Whatever “the program” may be, there is no longer much question that in many cases it can reunite families, sometimes beyond reasonable expectation. I talked with a father of five children who had spent nine years in a state penitentiary for bad-check passing, an activity that invariably accompanied his drinking. There was an AA group in the prison and he joined. When he found that it worked for two years “outside,” he got in touch with his wife, who meanwhile had divorced him, and began a second courtship. Part of his wooing was introducing her to Alanon. They’ve now been remarried two years.

Then, of course, there are the cases where it has not quite worked, and these are the sad ones. While I was in Des Moines, Ray H., the lawyer, took me down to the courthouse one afternoon when a family case was set to be tried. “Just so you can see what can happen when we miss,” he explained.

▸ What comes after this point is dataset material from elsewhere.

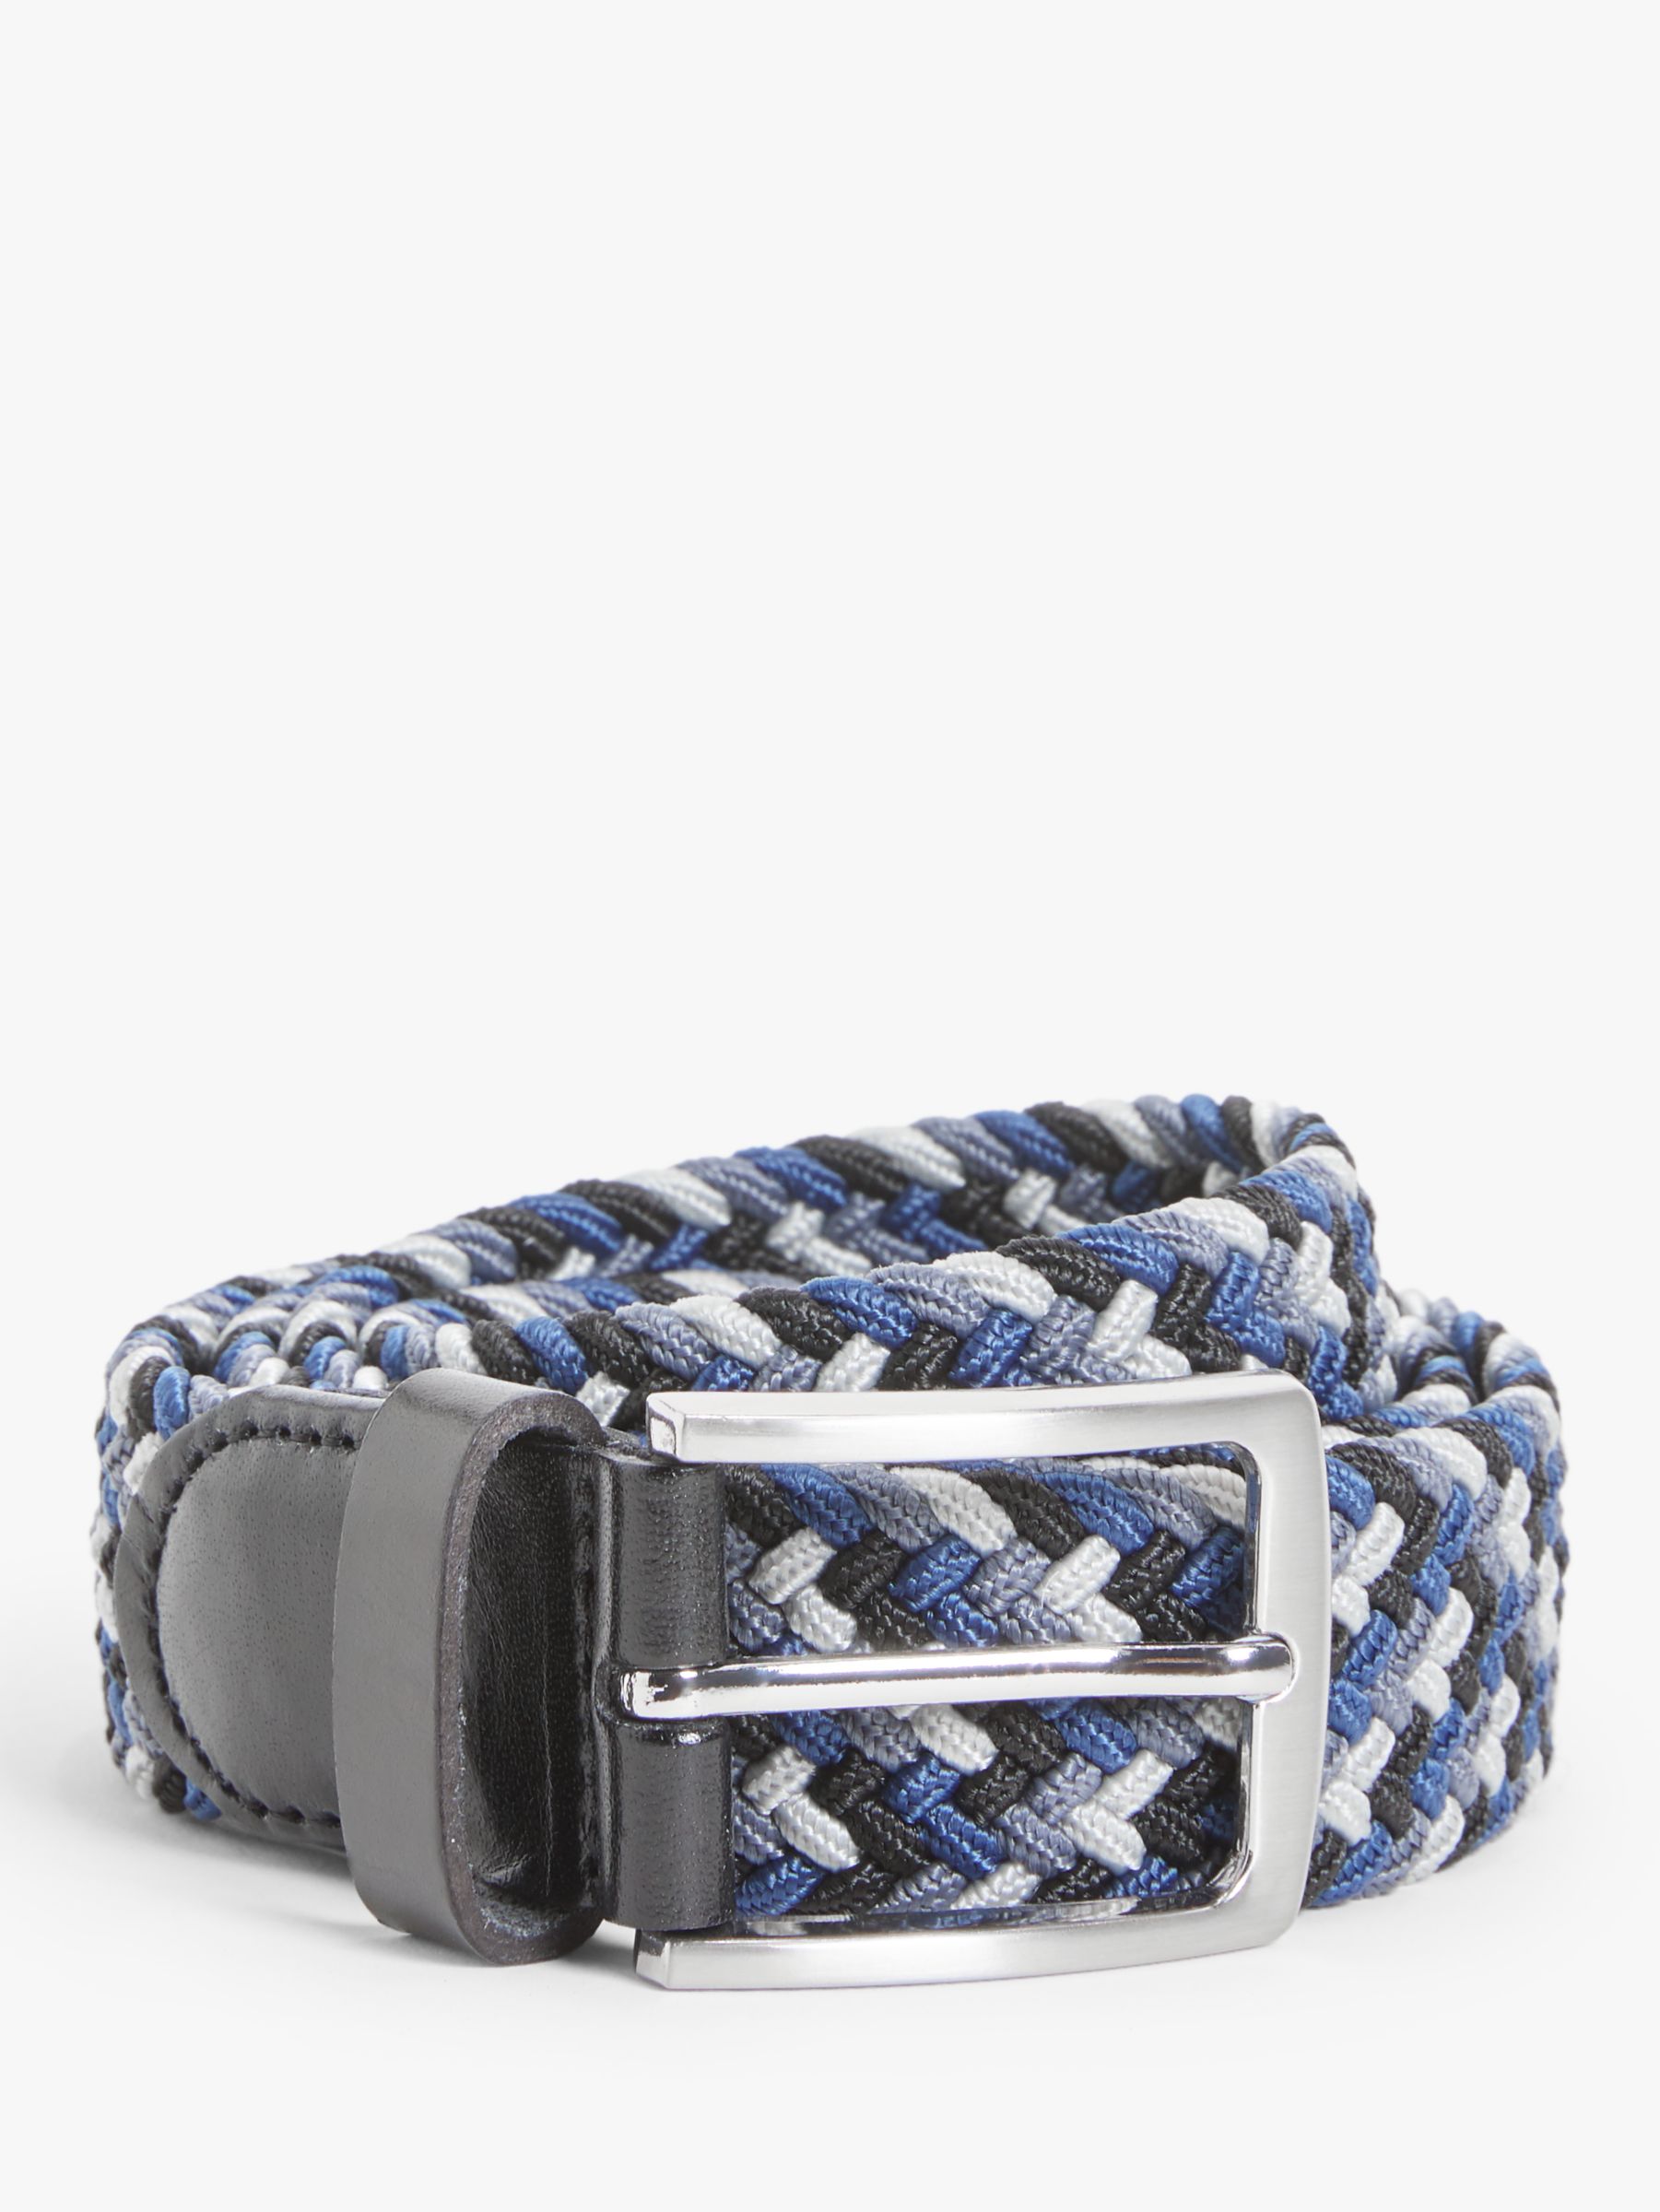 John Lewis 35mm Woven Belt, Blue/Multi at John Lewis & Partners
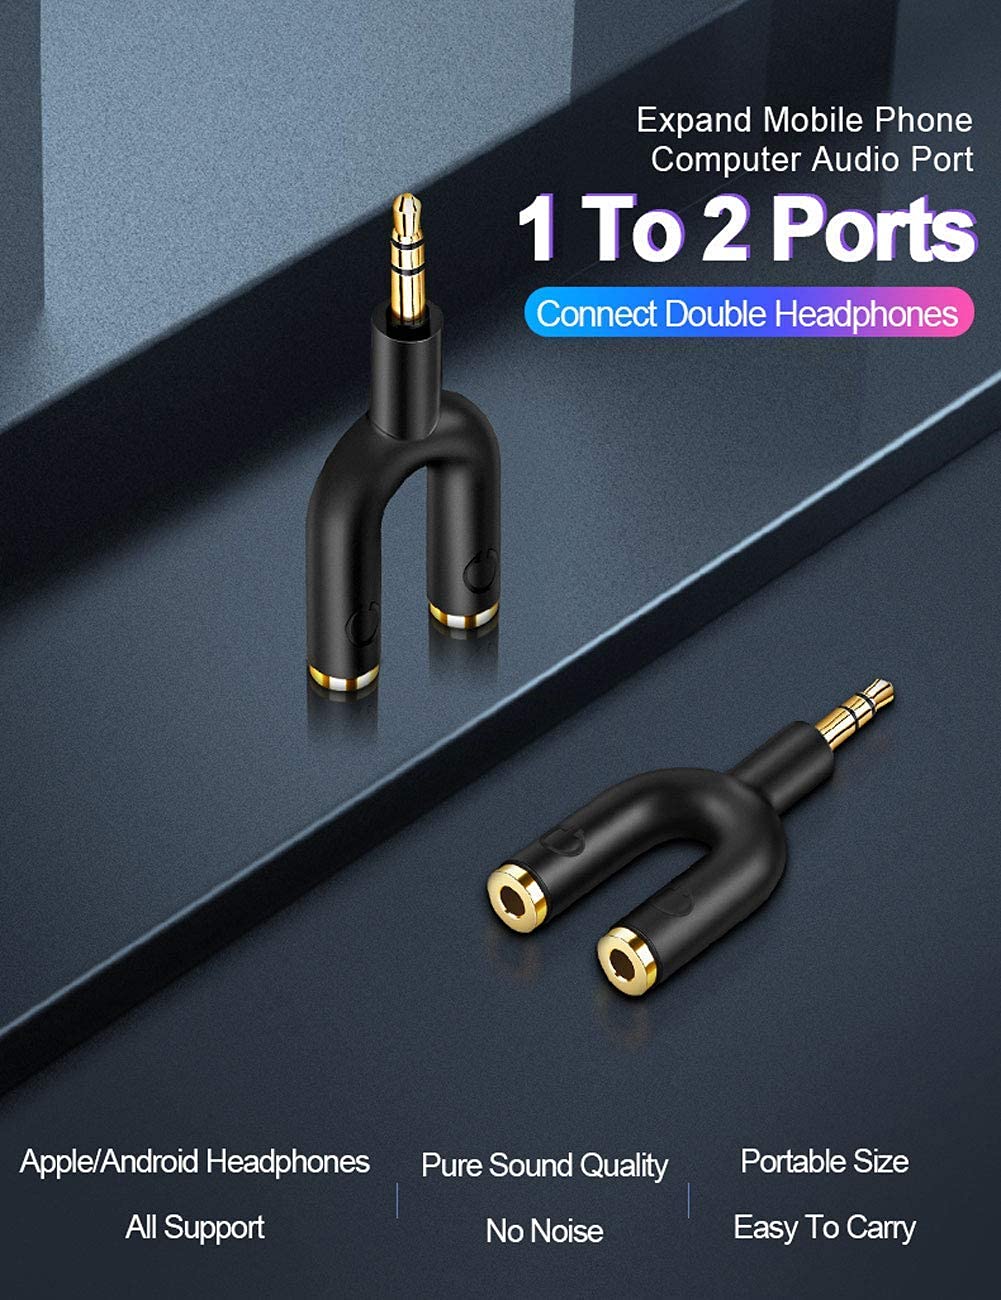 Bundle – 2 Items: USB C to 3.5mm Headphone Adapter and Headphone Splitter Adapter

Both the father and mother in the case were alcoholics and there were six children, eighteen to four. The continued destructive drinking of the father produced a home unfit for children. County welfare had worked with the family for years and given up hope, and now was asking the -court to take the children from the father and mother. This was done, and I shall not soon forget the tear-stained face of the fifteen-year-old daughter or the way the four-year-old kept looking into people’s faces, trying to understand. There are such scenes in all the courthouses all the time, and not all of them, we now know, are beyond hope. There is need for AA’s new present to all the family.

Volunteers at the Clearing House–all AA wives–don’t have to be told of this need—they read their mail. One day they let me read some of it. I jotted down the closing words of one letter: “My husband is an alcoholic, but will not ask for help. He thinks he can work it out for himself. He’s not doing it, but what can I do? Is there anyone in the world who can help us or will try to? Please, for God’s sake, can you help me?”